Monday, July 17, 2023

The Grumbling of Mondays

The Grumbling of Mondays

 

So, it's another Monday morning, 5:30 by the clock, but I've been up for a couple of hours. This seems to be the new sleep pattern: down around nine, up around three. Despite the warm nights, both cats have taken to sleeping on the bed, and I don't mind.

It has been a week of hard work on both the stone, and the Lost Canyon project. I'll be doing a presentation/performance of the Lost Era slideshow at the closing reception for The Hills Are Alive show at the Whittier Museum on August 5th. I finished re-formatting all the pics for the Arkhaven uploads. I'll be composing the text and image panels this week. I hope to have it all in the cue in the next week or so.

 

I always manage to work myself into a tight cramped space in the stone sculpture, some spot that needs to shaped just so, and almost nowhere to fit the tool into that space to shape it.

 

  And I need to do  something more with the back face of this thing, and I still haven't figured out quite what that something is. This is fun, right?

 




 The morning tour through the bookmarks is depressing as always. I won't even bother with news and current events. 

Thought Experiment:

Imagine a restaurant serving computer generated 3D printed non-nutritional synthetic food simulations.

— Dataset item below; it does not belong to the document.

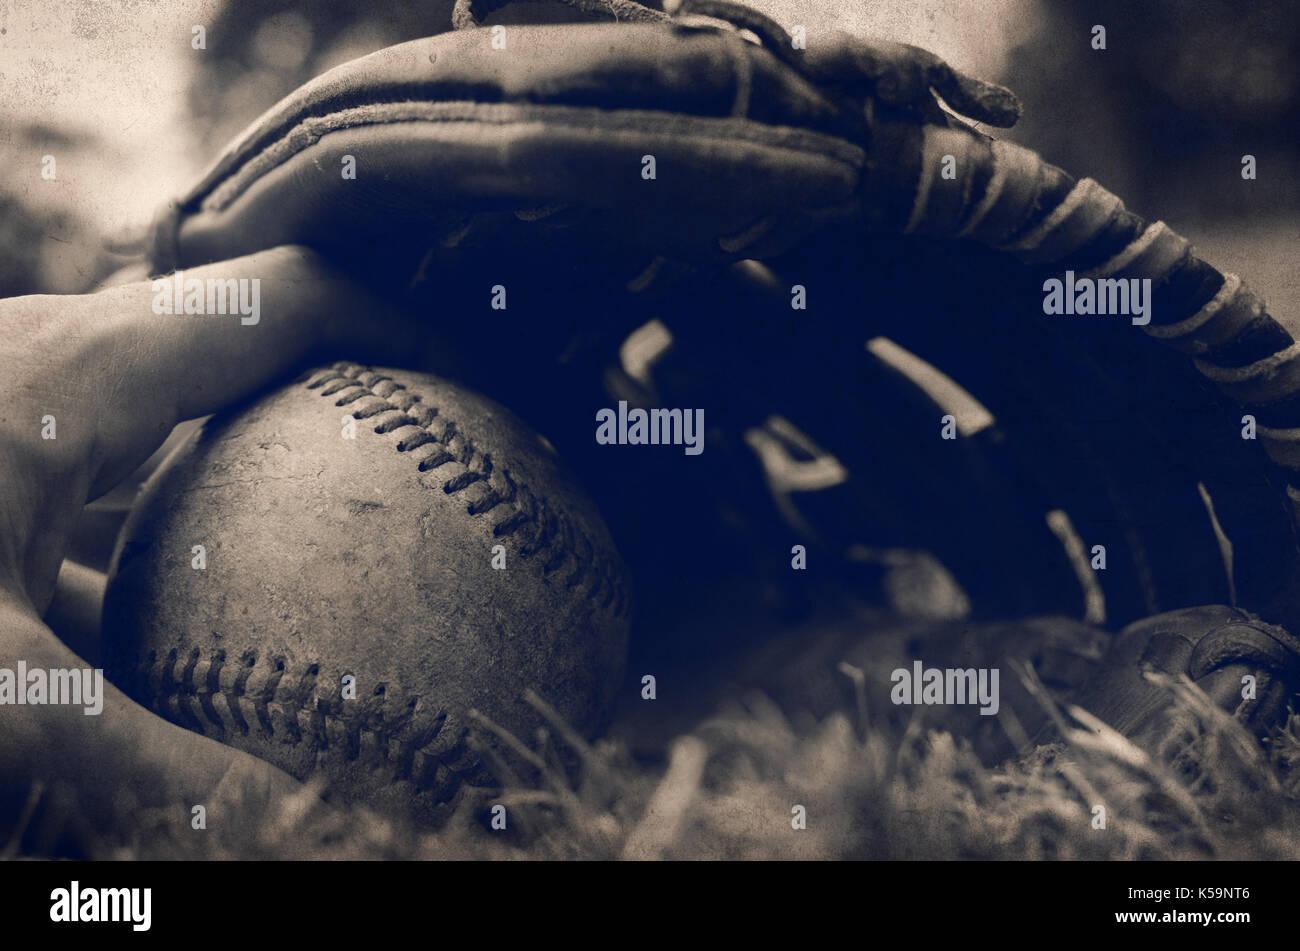 Vintage Baseball Imágenes De Stock & Vintage Baseball Fotos De Stock ...

 Just like real food only without calories or nutritional value!

 People could eat there, have three meals a day, and  stay full and satisfied while slowly starving to death. In this age, and time there would be suckers lined up around the block waiting to get in.

So it is with our newest techno-fetish, AI.

GAB is infested with AI "art" these days. Every horny ass fanboy, and his uncle is "composing" images of anime fetish girl pin-ups in sexy costumes. Fantasy scenes like the covers of cheesy sword and sorcery knock offs are popular as well. Other are making digital abstracts. 

Elsewhere, every wannabe writer is employing the chatbots to compose essays and articles.

It's all shit, and it's creepy as hell. Not one of these clowns could pick up a pencil and draw a cat, or write a paragraph.

Writing is hard work. Art takes a burdensome investment of effort. Both are fraught with failure, and frustration. Pardon the melodramatic metaphor here, but a writer, or an artist picks up a sword, and does battle in the war for Goodness Truth and Beauty. The real guys work very hard to produce food for the soul and spirit. AI clowns are wanabe cooks in the no-food restaurant. They're pretend warriors with imaginary swords.

So that's it for me being all creative, n' stuff. Breakfast is ready and I have things to do.

Thanks for stopping by.

Wednesday, July 12, 2023

Progress and changes

 

Progress and Changes

Here's where the smallstone project stands at the moment.

Later on this morning I'll get back to it.


I'm pleased with where it's going, but improvising doesn't mean working with no plan. It means that the planning and carving play hopscotch. Plan a little, carve a little, plan a little, carve a little . (Music Man, anyone?)



 

It has been a while. The last three weeks have been tough. Too, I've found myself posting notes on Pbird's blog, and over at Founding Questions, rather than writing stuff here on my own small platform. The reason for that is pretty simple: Both sites have interesting content and an active, thoughtful, and intelligent group of participants. I don't have either.

I'm not doing an 'oh poor me' here, and I don't mean that as a dig on the few folks who stop by.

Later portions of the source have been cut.